- Opening Delimiter -
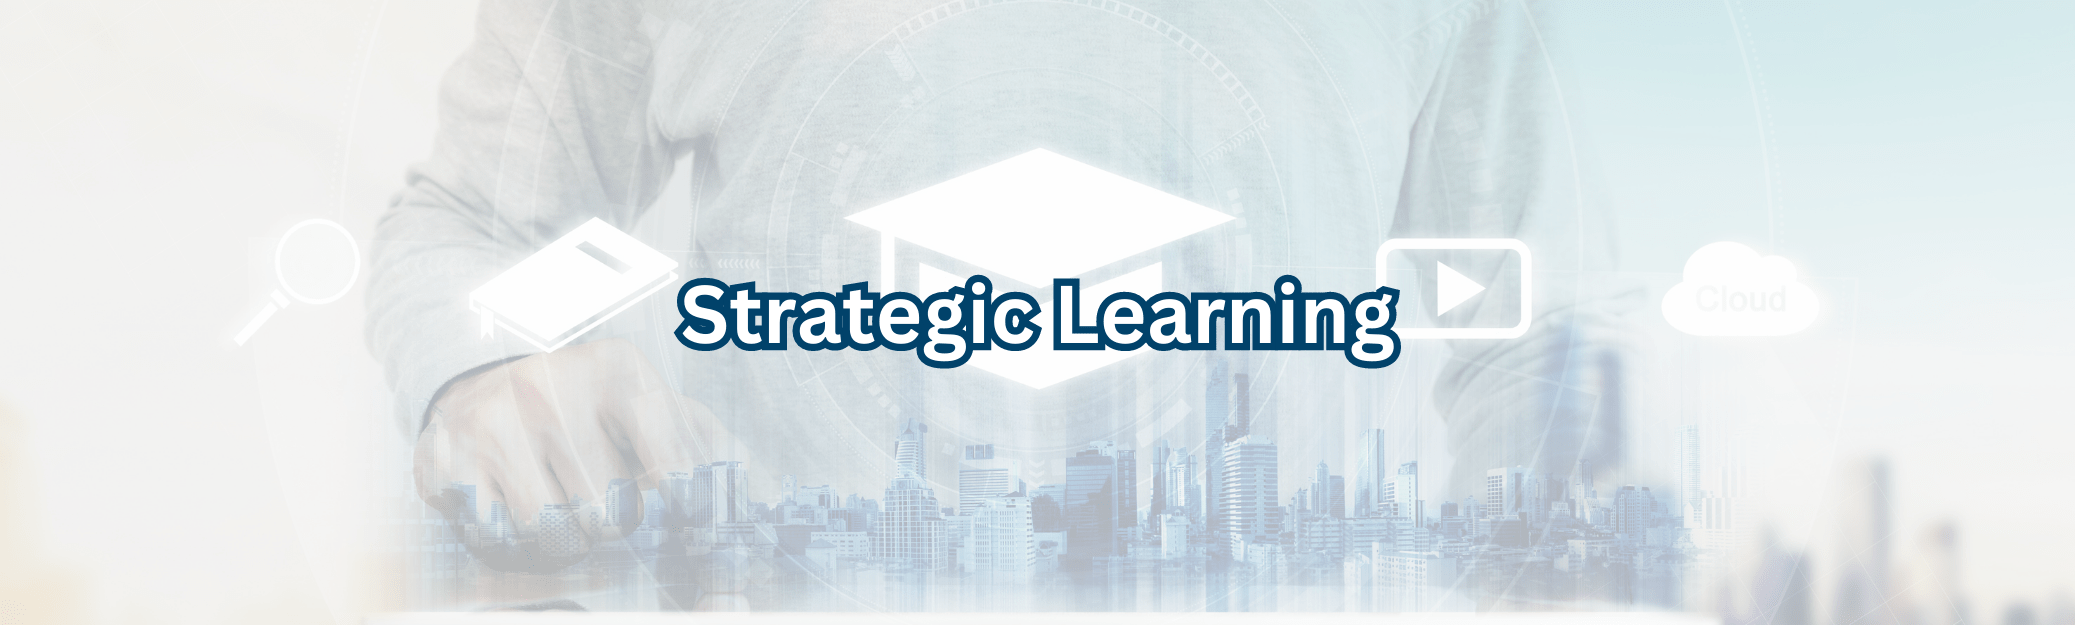 Strategic Learning Website
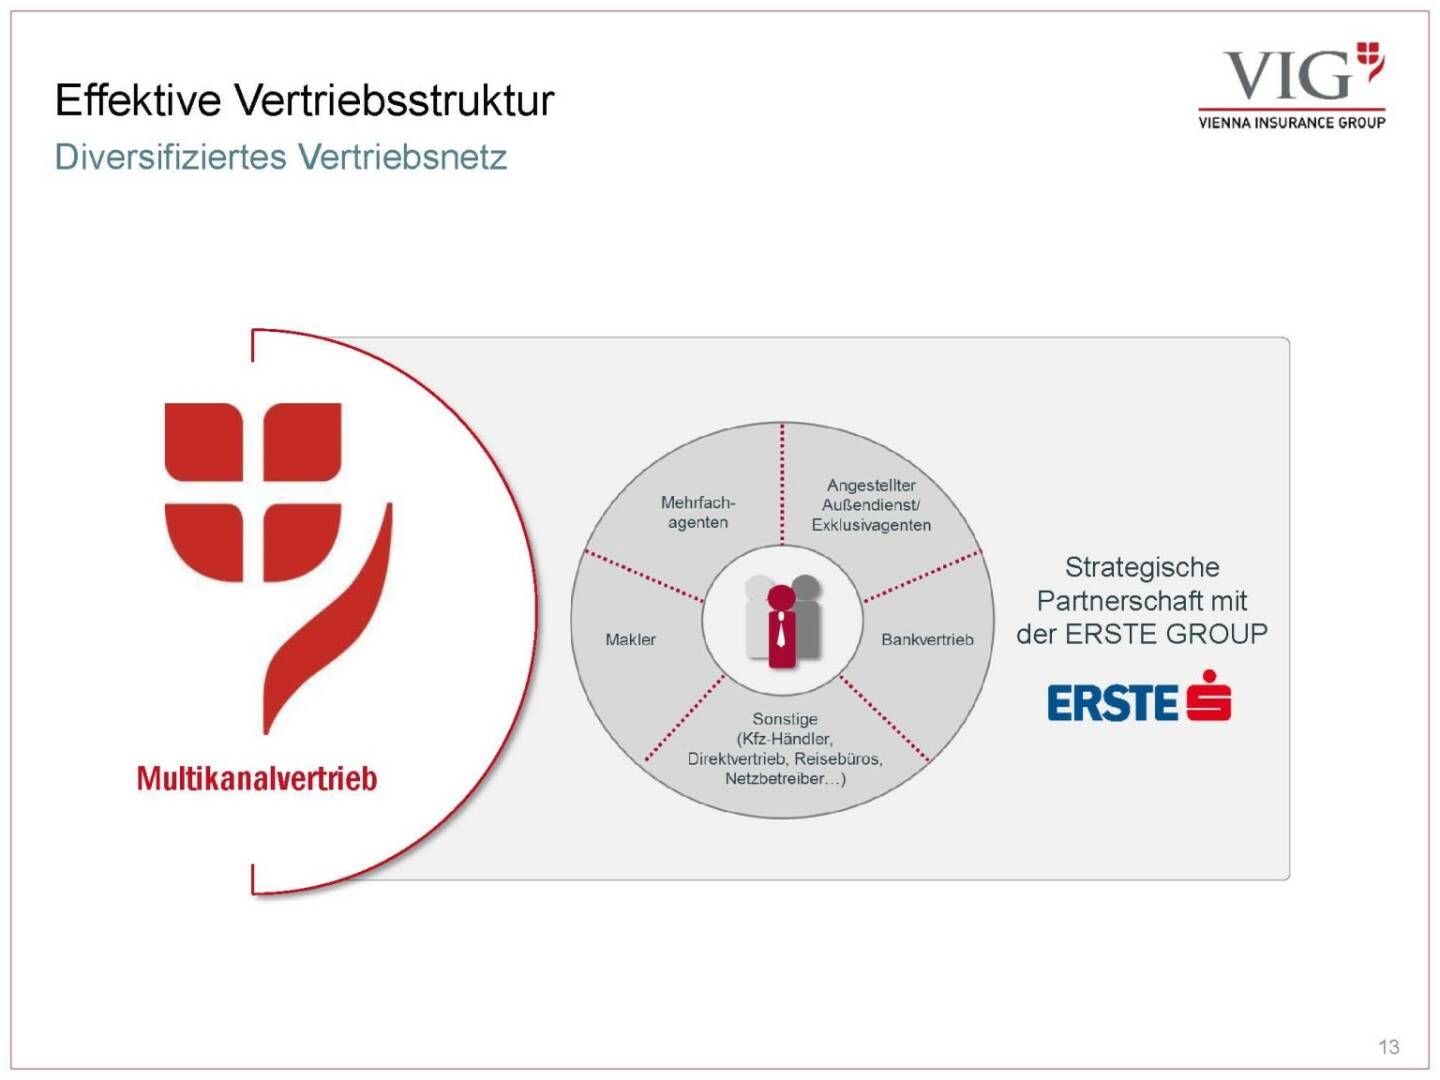 Vienna Insurance Group - effektive Vertriebsstruktur
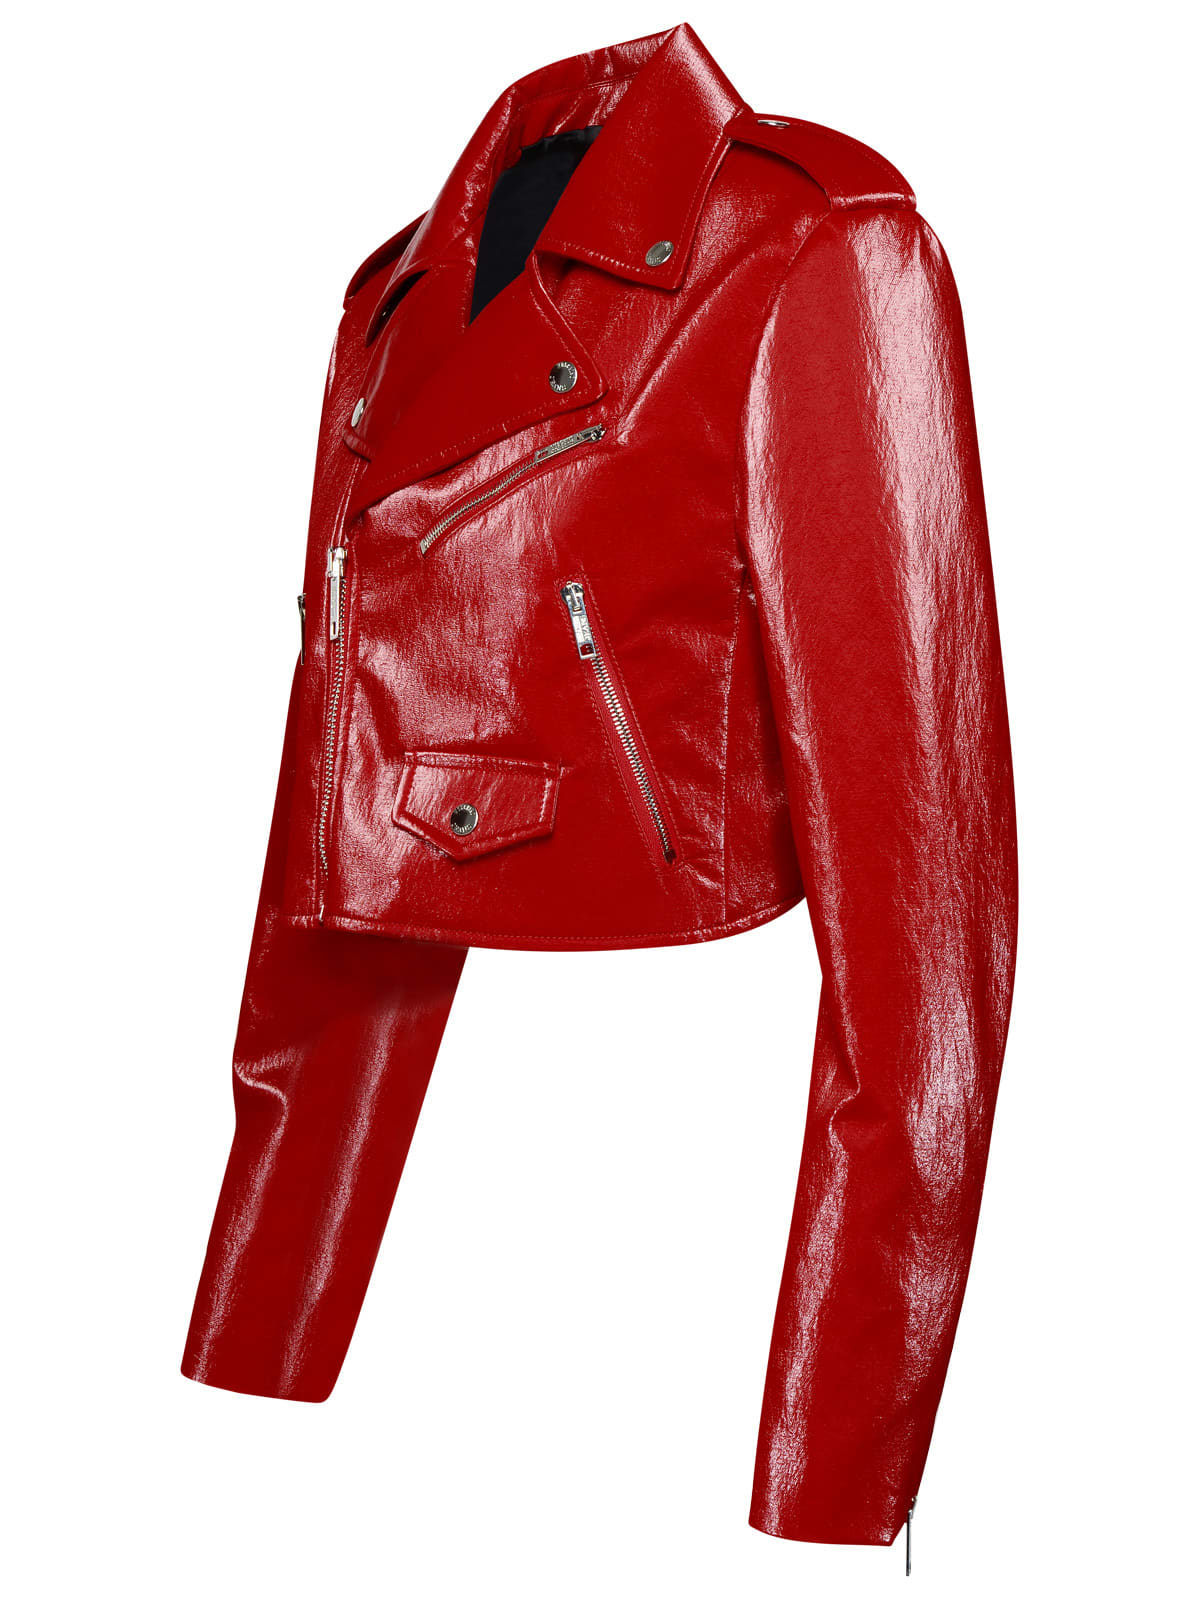 Shop M05ch1n0 Jeans Red Cotton Blend Biker Jacket
- Closing Delimiter -
> [Task statement]: Begin at the line containing "Vienna Insurance Group" and restate exactly every line through the end of the material, skipping the pictures.

> [Solution]:
 Vienna Insurance Group - effektive Vertriebsstruktur
 Shop M05ch1n0 Jeans Red Cotton Blend Biker Jacket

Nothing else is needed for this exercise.